The crops benefiting from fertiliser use are the country’s four major staples: rice, corn, cassava and sweet potato. These crops make up 70% of the country’s food consumption, while the remaining 30% comes primarily from other crops and livestock. A concerted effort must be made for these crops to sustain all 100m Filipinos. Alongside this, only 60% of the land being used for agricultural activities utilises chemical fertilisers. This means there is great potential for both farmers and fertiliser producers to improve the situation. The remaining 40% either does not use fertiliser at all or relies on pure organic fertiliser. This is due to a lack of funding, limited access to fertiliser and misconceptions about the use of chemical fertiliser. While the population of the Philippines is growing, the 40% of land that is not being farmed in an efficient way is quickly being given over to residential, commercial and industrial use. As a result, all arable land will have to achieve increases in crop yields.
How can fertiliser distribution be improved to ensure countrywide accessibility and price stability?
ONG-HOW: To encourage fair competition across all fertiliser brands and geographical markets, the government must make transport services accessible and affordable to producers. The availability of at least two fertiliser brands in an any given area encourages fair competition and lowers and stabilises prices. The government should also consider developing the rail network to connect the country’s agricultural regions and enable the faster transport of agricultural goods at reasonable costs. We have improved our own fertiliser distribution through better logistics management, the use of shipping lines and the port network so that farmers can access fertilisers at stable prices.

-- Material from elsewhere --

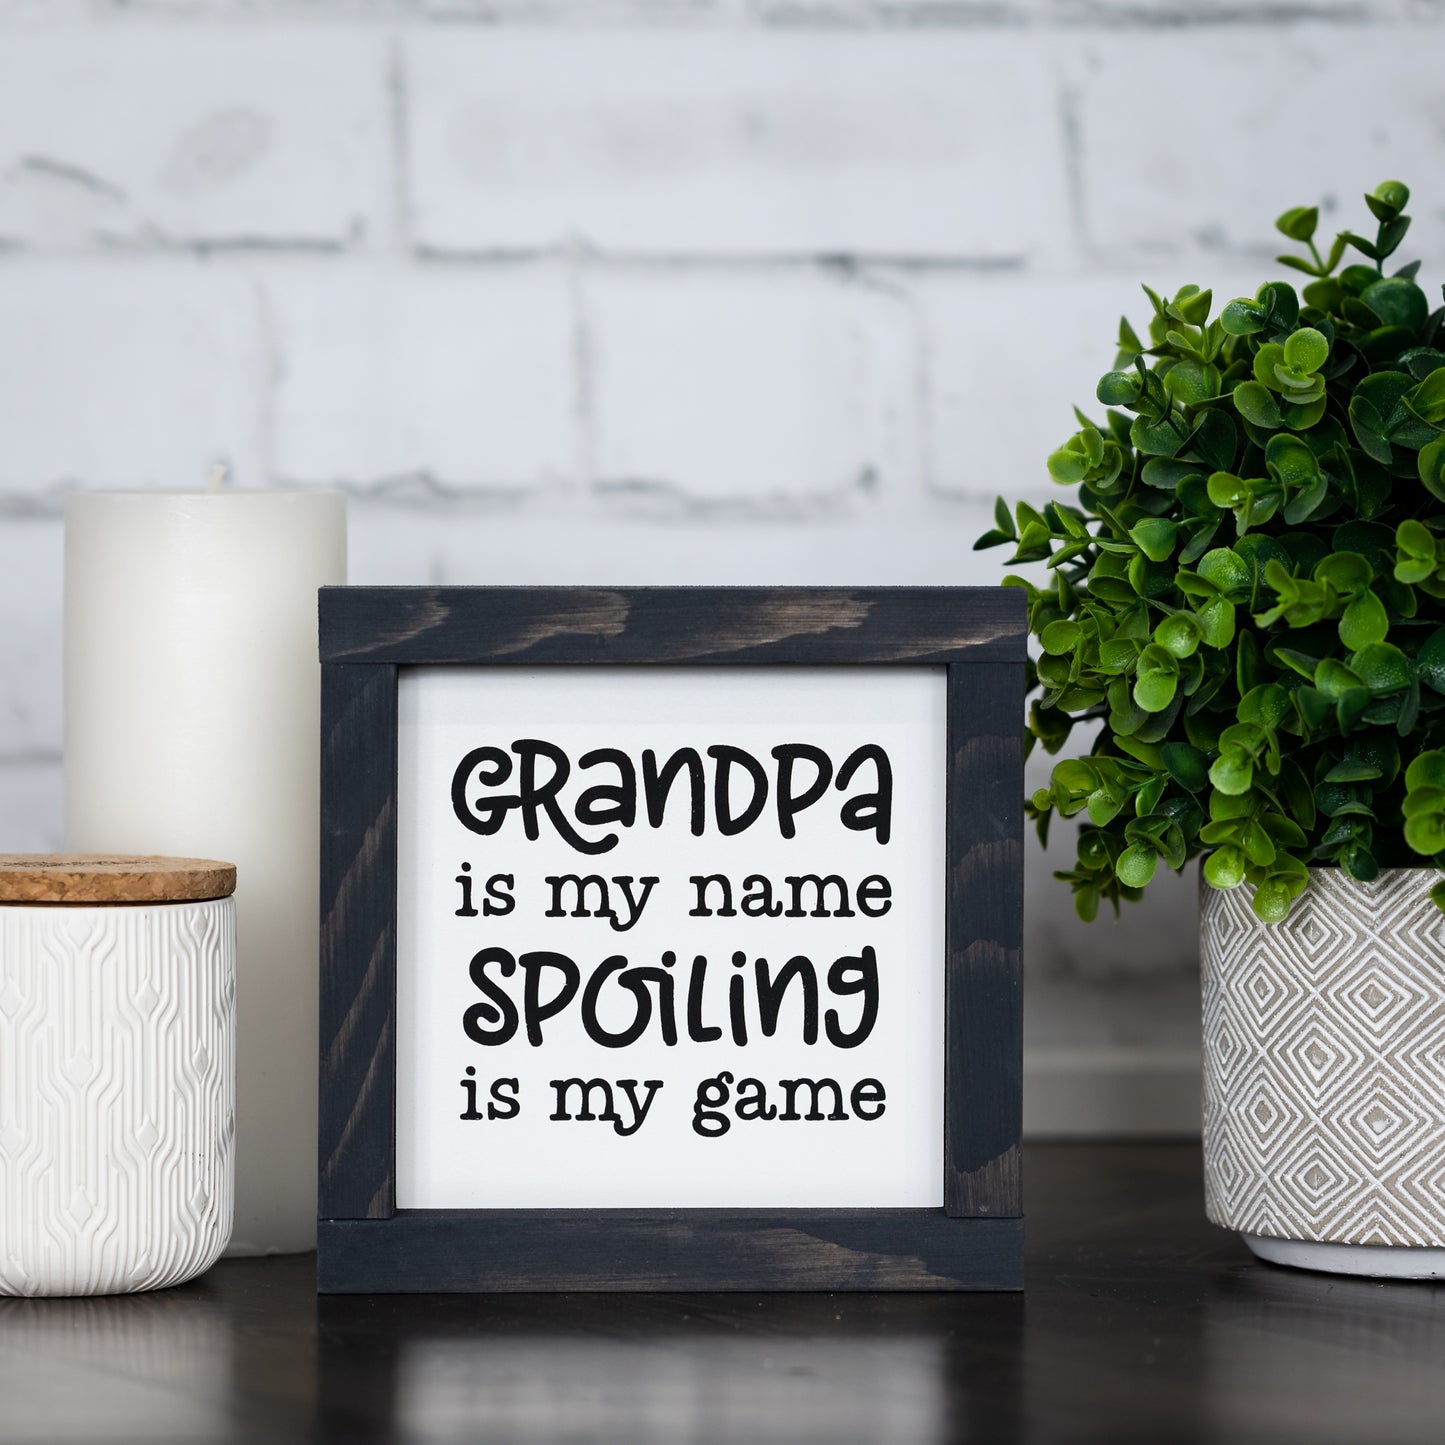 grandpa is my name, spoiling is my game ~ wood sign

To what extent can the Philippines work to encourage the engagement of qualified human capital and entrepreneurs in agriculture?
ONG-HOW: We have to embrace the fact that the Philippines is an agricultural country. The government and the private sector can spark progress and hope in the agricultural sector by working together. Socio-economic interventions must be refocused on agricultural initiatives and projects, particularly with regard to encouraging younger generations to look for employment opportunities in agriculture. Our education system should prioritise agricultural activities in order to direct young people towards the industry instead of persuading them to work abroad. People living in the provinces, rather than migrating to cities and leaving their lands unproductive, could stay to cultivate their lands and contribute to the food supply chain. There is without a doubt a large and broad demand in the Philippines for rice, corn, vegetables, cacao, cassava, virgin coconut oil, activated carbon from coconut shells, and a host of other products. This high demand will not only be around for a long time, it will increase – if the right steps are taken.